В передней, да, впрочем, и во всем доме, никого не было, только заходящее солнце, ударяя прямо в широкие окна зала, насквозь пронизывало багровою полосою целый ряд опустелых комнат. Внутри дома еще больше, нежели снаружи, заметны были свежие следы недавней реформы: новые двери, новые обои и перегородки, сделанные, как видно, во имя уютности, кое-где новая мебель, наконец, лампы нового устройства и едкий запах керосина. Но, несмотря на это, несмотря на всю несомненность произведенных улучшений, на всем, решительно на всем лежал еще другой, ничем неизгладимый отпечаток: низкие потолки, широкие изразцовые печи, да и самые размеры и расположения комнат — ясно доказывали, что дома такого рода сжечь можно, но пересоздать нельзя.
Гость тихо прошел по всему дому, молча останавливаясь в разных комнатах, и вернулся опять в переднюю, там в простенке висело большое дубовое зеркало, по бокам его стояли новые дубовые стулья с высокими спинками, дубовая вешалка в углу, но у стены так и остался широкий, неуклюжий, только заново выкрашенный коник 3.
— Куда же идти? — спросил гость у своего провожатого.
— А вот сюда, в кабинет. Пожалуйте! Да чаю не угодно ли? Умыться? — Сейчас.
Гость остался один, он сел на диван и повел глазами вокруг: шкафы с книгами, камин, бумаги, газеты на столе, в окнах сетки, под окнами сад, за садом солнце садится…
В столовой заскрипели сапоги.
— Что ж, сударь, на чаек-то?
В дверях стоял ямщик и чесал в затылке. В то же время вошел Иван Степаныч с рукомойником.
— Ах, подлый народишка, черт их возьми! Воды нет. Ямщика за водой посылал. Ну, народ!
— Что вы хлопочете? Успеется еще.
— Да нет, помилуйте, это… Ведь это ни на что не похоже! Так набалованы, из рук вон. Извольте умываться!
Пока гость умывался, Иван Степаныч все говорил:
— Мыло-с? — Вот!.. Ненадолго… Они долго там никогда не бывают.

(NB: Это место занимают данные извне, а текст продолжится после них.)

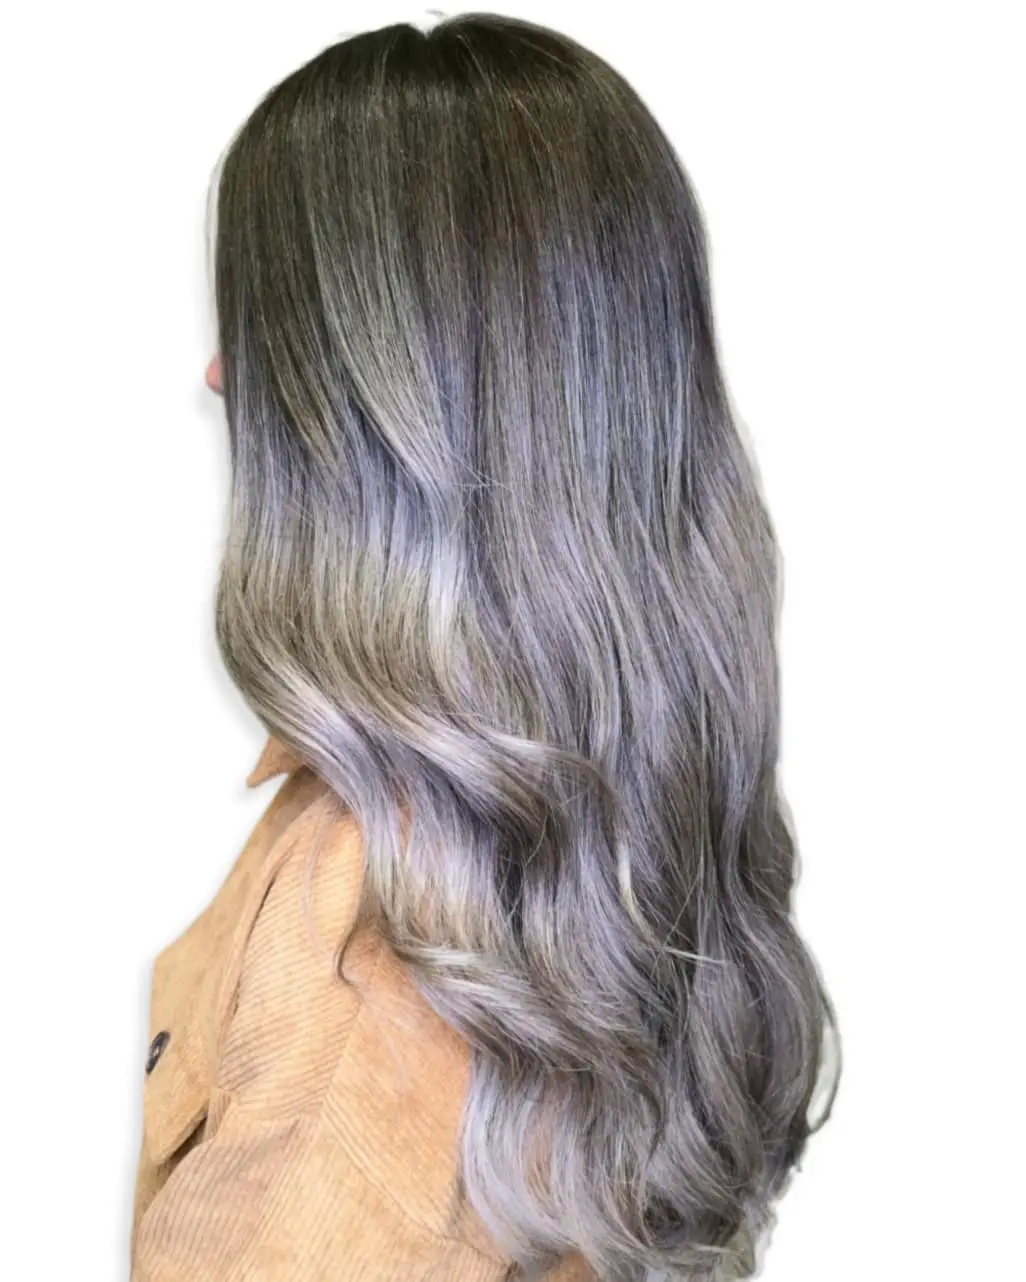 30-gray-and-038-silver-highlights-on-brown-hair-trending-light-and-038-dark-ideas Icy Balayage for Brunettes
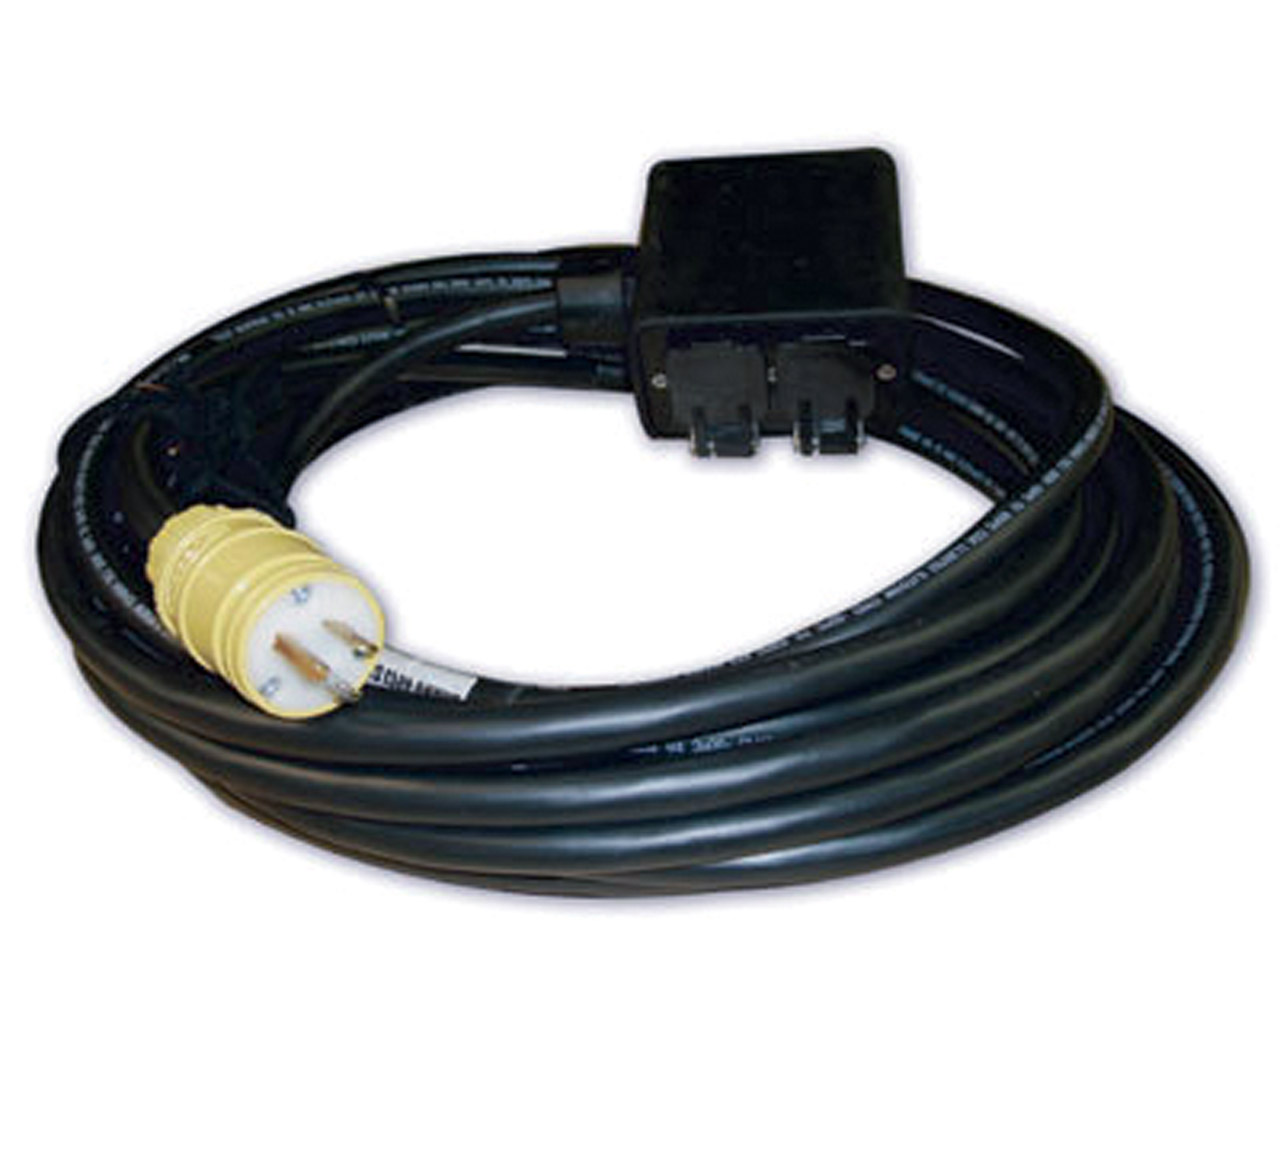 IEC 60309 Pin & Sleeve and Miscellaneous Cable Assemblies

Неподходящий человек… Грубость эта, знаете… Помещик, одним словом, помещик… ‘Эй! Ванька, трубку!..’ Вот-с! Хозяин… Да, хозяин… Машины эти все презирает… Марья Николавна не любют к нему ездить.
— Это кто Марья Николавна?
— А супруга Александра Васильича.
— Да, я и забыл, как ее зовут.
— Как же-с, да. Чудесная дама, воспитанная. Здесь таких нет. Я говорю, охота жить здесь, ей-богу! Провинция такая тут, не дай бог — шут ее возьми!
— А вы зачем же здесь живете?
— Я что же? Мое дело такое. Рад бы не жил.
— Что ж вы тут делаете?
— Я письмоводителем при Александре Васильиче состою. На бороде-то мыло осталось. Пониже! Пониже! Письмоводителем… Да что — письмоводитель!.. Черт ли тут?.. Помилуйте!.. Дела… Какие дела?.. Теленок в огород зашел, на грош потравы, на четвертак навозу одного накладет. Дело!.. Посредник… Судить. Самоуправление, говорит… Вон в газетах пишут: здравый смысл народа… Дьяволы! Право… Школы там… Пес их возьми… Вот полотенце. Я говорю Александру Василичу… Чаю угодно?
— Нет, не хочется. Я подожду их.
— Ну, подождите! Я говорю Александру Василичу: палкой их!
— Что ж Александр Васильич?
— Что Александр Васильич? У него обыкновенно один разговор — из газет гуманность. Ах, господи! Вот история! Свобода, говорит. Нет, вон она, свобода-то! Намедни пришли к нему государственные крестьяне проситься, что нельзя ли, мол, нам под вас записаться в крепостные, так и так, говорят, оченно наслышаны, — жить у вас хорошо. А? — Свобода!.. Здравый смысл!.. Нет, их, анафем, за этот здравый смысл мало еще тово… Мало пробирали… Нет, мало. Другой бы, знаете, как разжег, гуманность-то эту показал бы им.
В это время в соседней комнате, переступая с ноги на ногу, явился приказчик. Он издали заглядывал в дверь и подкашливал.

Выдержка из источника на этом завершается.